In terms of allowing developers to access clean energy tax credits before they’re phased out in coming years, recent IRS rules on applicable projects aren’t as bad as some feared—but they also could be more clear on the particulars, a lawyer told Tech Brew.
The rules were drafted by the Department of Treasury as a follow-up to the so-called One Big Beautiful Bill, and in response to a Trump executive order to clarify what counts as “beginning construction” on a wind or solar energy project. A project’s ability to claim tax credits is based on when it begins construction, or what the rules call “physical work.” And the new rules say that the “physical work test” is now the only way that projects can prove they’ve commenced construction, though passage of the test will be decided on a case-by-case basis.
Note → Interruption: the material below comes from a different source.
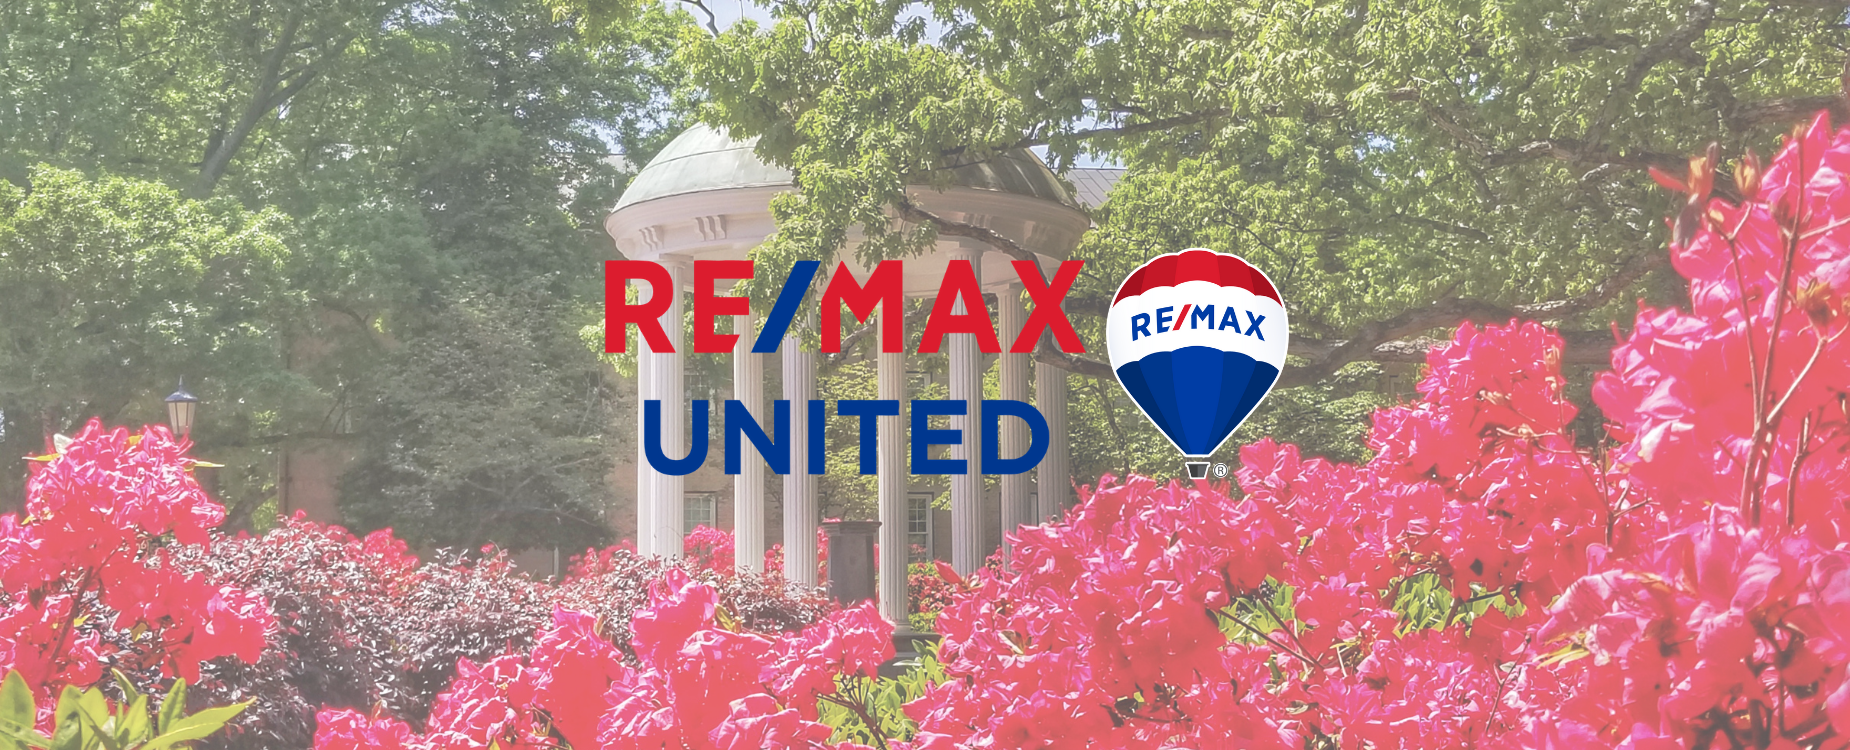 RE/MAX United Chapel Hill

“Construction of an applicable wind or solar facility begins when physical work of a significant nature begins,” the rules state. “Provided that physical work performed is of a significant nature, there is no fixed minimum amount of work or monetary or percentage threshold required.”
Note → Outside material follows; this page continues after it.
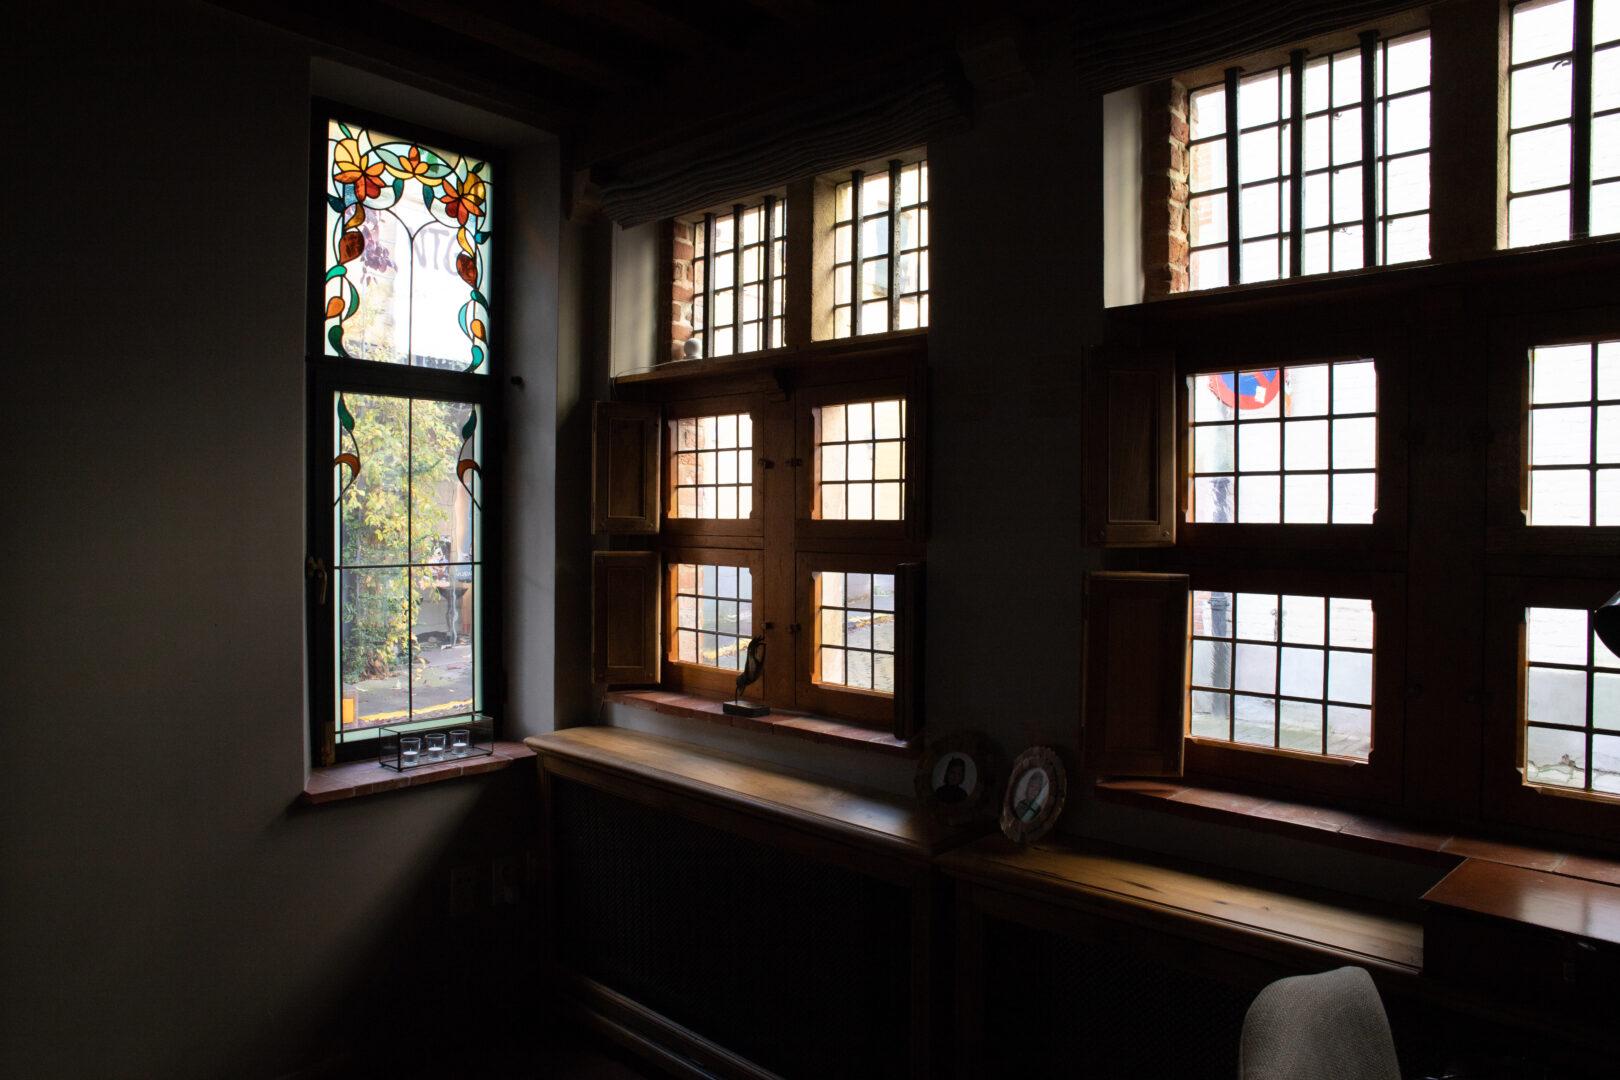 Decoratief glas-in-lood in ramen, privé-woning in centrum Gent. Ontwerp: Ingrid Meyvaert (©Nadia El Makhfi)

“Significant nature” are the key words there, and one of the biggest changes in the new rules, lawyer Keith Martin told Tech Brew. Martin is an expert in tax law and the co-head of US projects at law firm Norton Rose Fulbright.
“The notice said that physical work of a significant nature ‘must be performed.’ Before it had said [work] must merely ‘have begun,’” Martin said. “So does that mean more work will have to be done?”
The IRS was clear on one thing, though: Physical work doesn’t mean anything developers have to do to a construction site to get it ready for building—it’s all the work that comes after that.
Overall, though, Martin told Tech Brew the new rules are a compromise between renewable enthusiasts and their allies in Congress, and opponents of wind and solar energy on Capitol Hill.
“Everybody reacted favorably,” Martin said, “suggesting that the Treasury did a good job of threading a needle.”